Leur principal inconvénient est d'ignorer la pluralité des logiques d'entreprises. Ces mesures risquent donc d'être accordées sans tenir compte des besoins financiers réels des entreprises et sont susceptibles de provoquer certains effets pervers. En particulier, trois effets pervers (parmi les quarante effets possible des aides à l'emploi exposées en deuxième partie) sont susceptibles de se produire.

Les effets d'aubaine se produisent lorsqu'une entreprise qui bénéficie d'un dispositif aurait de toute façon procédé aux embauches correspondantes. Les flux financiers accordés aboutissent alors à améliorer la situation financière de l'entreprise sans que l'impact sur l'emploi soit évident.

Les effets de substitution se produisent lorsqu'une entreprise substitue le type de main d'oeuvre faisant l'objet du dispositif à un autre type de main d'oeuvre avec un effet neutre sur l'emploi. Seule, la structure de l'emploi se modifie, mais au détriment de l'emploi qualifié, si les dispositifs allègent le coût du travail non-qualifié et alourdissent le coût du travail qualifié.

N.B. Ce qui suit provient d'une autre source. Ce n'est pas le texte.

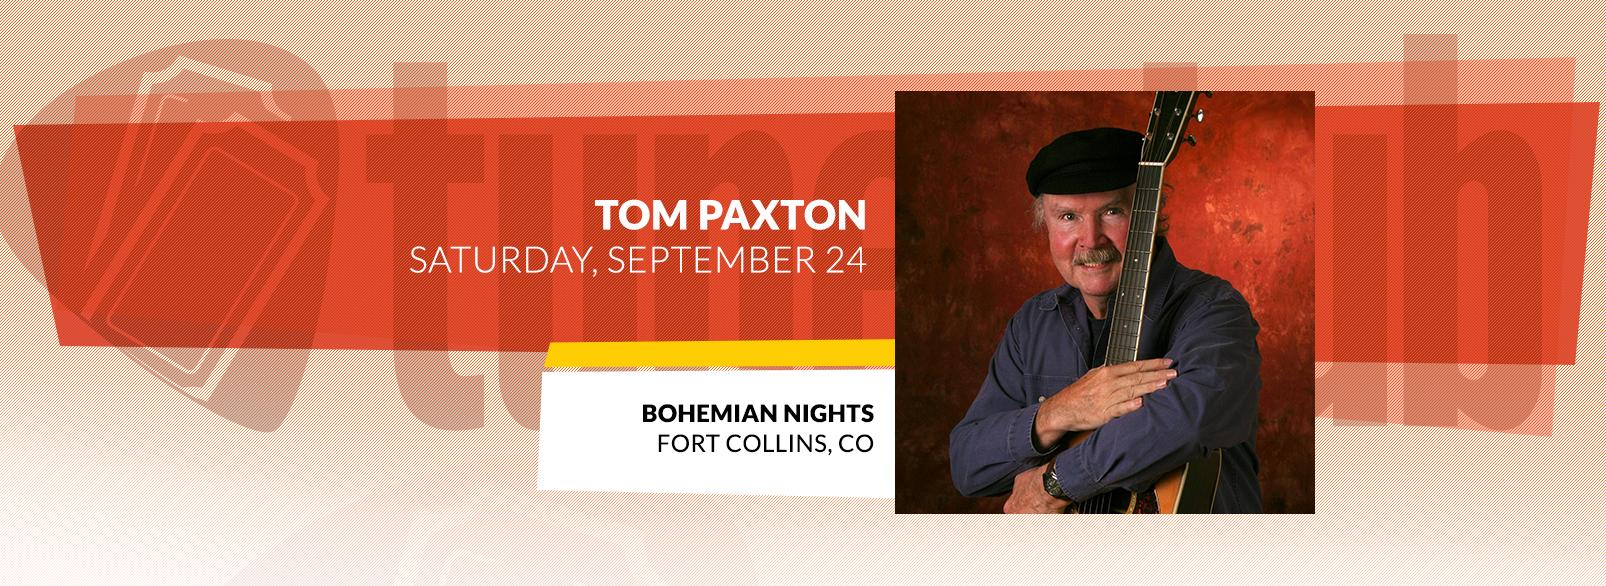 Tom Paxton @ Bohemian Nights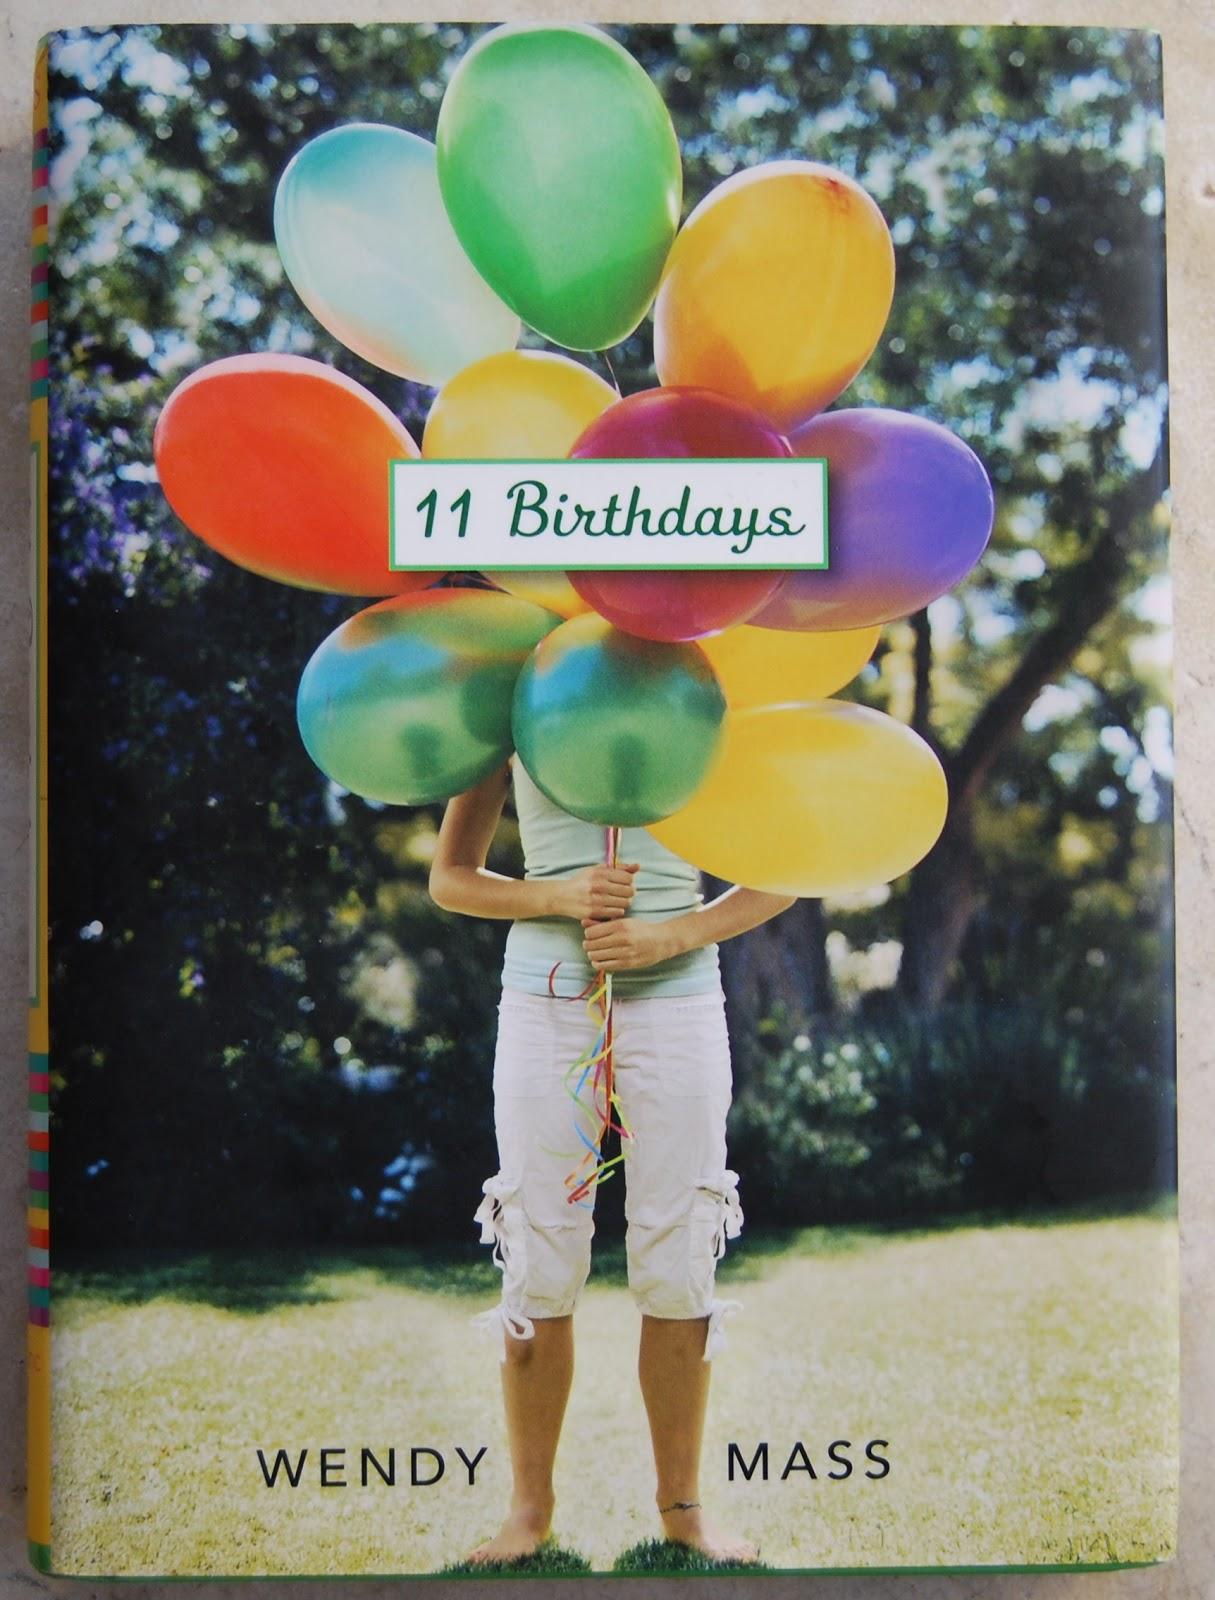 11 Birthdays Amanda And Leo Title: 11 birthdays

Enfin les effets de seuil se produisent inévitablement : au-delà du niveau de salaire faisant l'objet de l'exonération, le coût du travail s'alourdit considérablement. Ceci risque d'entretenir une "trappe à bas salaires". Puisque la mesure favorise les embauches à bas salaires (en raison de l'aubaine qu'elle représente et de l'effet de substitution qu'elle engendre), toute embauche (ou toute promotion) supérieure au seuil défini (1,3 fois le SMIC aujourd'hui, deux fois le SMIC chez Malinvaud) devient si coûteuse que l'entreprise a intérêt à ne verser que des salaires inférieurs à ce seuil.

C'est pourquoi une réflexion s'est développée autour de l'élaboration d'une assiette de prélèvements sociaux qui tienne compte à la fois de la situation financière des entreprises et de leur attitude vis-à-vis de l'emploi. Elle a non seulement fait l'objet d'une réflexion de la part des pouvoirs publics, dans le cadre du rapport Chadelat (1997), mais se développe depuis longtemps déjà parmi les acteurs syndicaux, mutualistes et politiques.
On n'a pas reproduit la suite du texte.